Without legal residency, he can’t advance far in his work, and he can’t risk visiting Mexico, which he left as a teenager.

“I love this film,” said Marcie Cohen Ferris, UNC professor of American studies, an expert on Southern foodways, and Bouloubasis’ faculty adviser. “It’s poignant and provocative, and brings attention to defining issues in contemporary food cultures of the American South.”

Bouloubasis has been reporting on the local food scene for the past eight years. She is drawn to the stories of food workers in fields and kitchens, and consumers stuck in food deserts. Her work has appeared in INDY Week, The Guardian and The American Prospect.

Victoria Bouloubasis (photo by Annemie Tonken)

Victoria Bouloubasis (photo by Annemie Tonken)

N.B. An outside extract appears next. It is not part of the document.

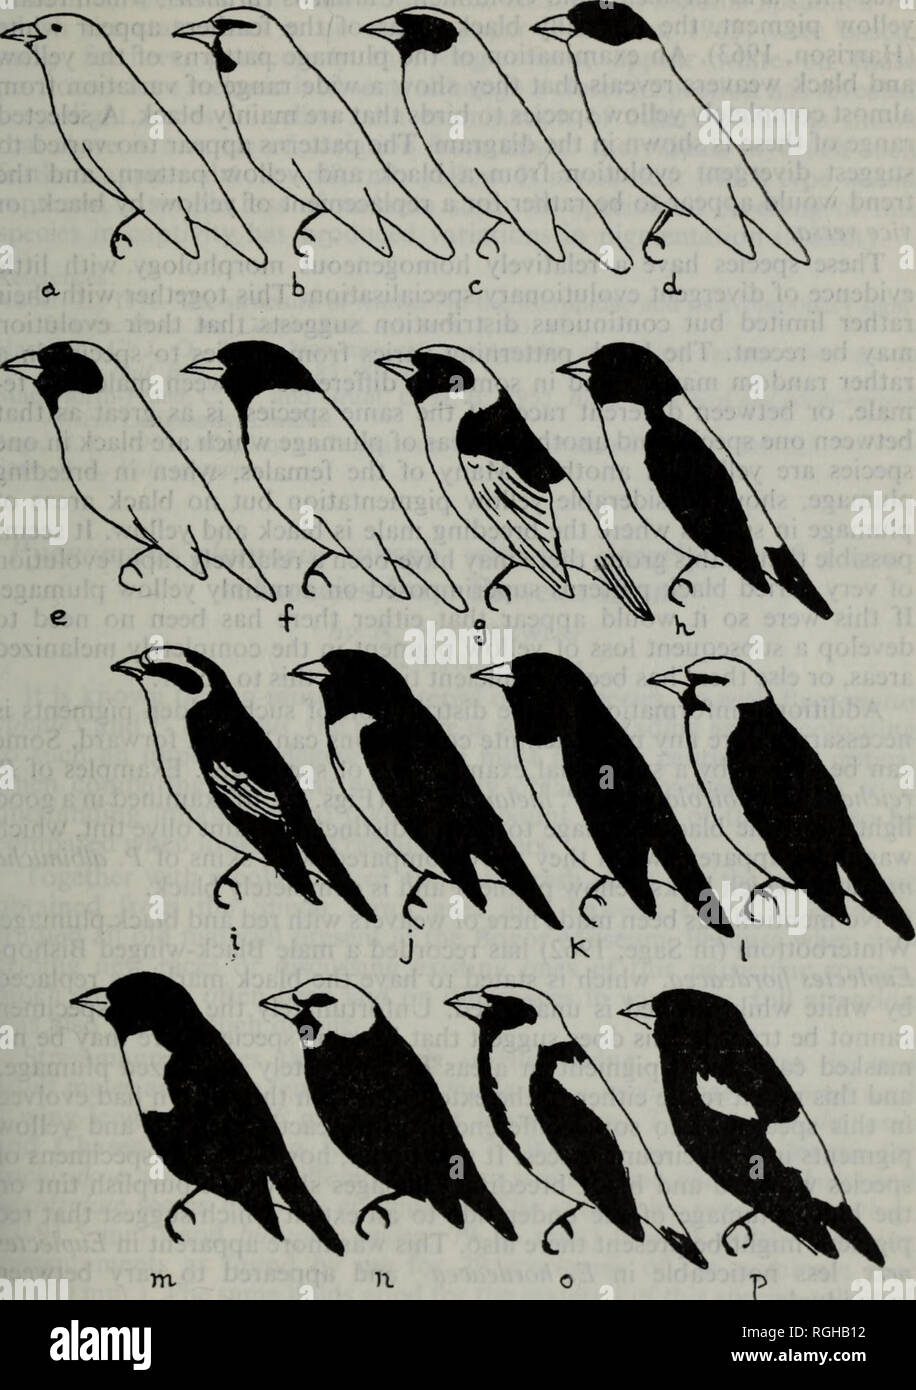 . Bulletin of the British Ornithologists' Club. Bulletin B.O.C. 45 Vol. 85. Diagrammatic representation of the breeding plumages of some yellow and black weavers. (a) Ploceus xanthops. (b) P. ocularis, (c) P. spekeoides. (d) P. stuhlmanni. (e) P. pelzelni. (f) P. alienus. (g) P. mgrtmentum. (h) P. insignis .. (i) P. reichenowi. (j) P. bicolor. (k) P. gokuuli. (I) P. nigricollis. (m) Malimhus rachcliac. (n) P. mehnogaster. (o) Euplectes afro, (p) E. capensis.. Please note that these images are extracted from scanned page images that may have been digitally enhanced for readability - coloration  Stock Photo

She and former INDY colleague photographer D.L. Anderson teamed up four years ago to form Vittles Films, with the tagline “Sustenance through Storytelling.” Their recent work has included Collards in the Cafeteria, about Gaston County Schools’ commitment to buy 10 percent of their food locally.

It’s not surprising that Bouloubasis enjoys exploring the cultural complexities of the food landscape. Her father is an immigrant who was raised in a small Greek village without indoor plumbing. He worked in the food industry his entire life, from kitchens in New York to his family’s restaurant in North Carolina.

“I grew up around food, and I’ve always loved cooking,” Bouloubasis said. “When I go to conferences, I seem to end up in the kitchen. I cook as soon as we finish editing film.”

She was the first in the family to earn a four-year college degree. She graduated from Carolina in 2005 with a double major in journalism and Spanish. She has been a bilingual copywriter and has worked on a farm in Portugal. She then combined her interest in writing and farming by serving as communications manager for RAFI (the Rural Advancement Foundation International), a farm advocacy and research organization based in Pittsboro, N.C.

For her folklore master’s thesis, she plans to explore issues of culture and identity among kitchen workers in North Carolina eateries.

“It’s a luxury to spend two years focusing on one subject,” she said of the graduate program. “It’s going to help me become a better storyteller with a deeper sense of the people behind our food culture.”

Watch Un Buen Carnicero and see more films at vittles.us.

Graduate students Victoria Bouloubasis and Katy Clune served as teaching assistants for the new food studies class, “Carolina Cooks, Carolina Eats,” co-taught in spring 2015 by American studies professors Sharon Holland and Marcie Cohen Ferris. Students documented the voices of local and global foodways across North Carolina, and are sharing their findings through a website and a forthcoming book of North Carolina foodways.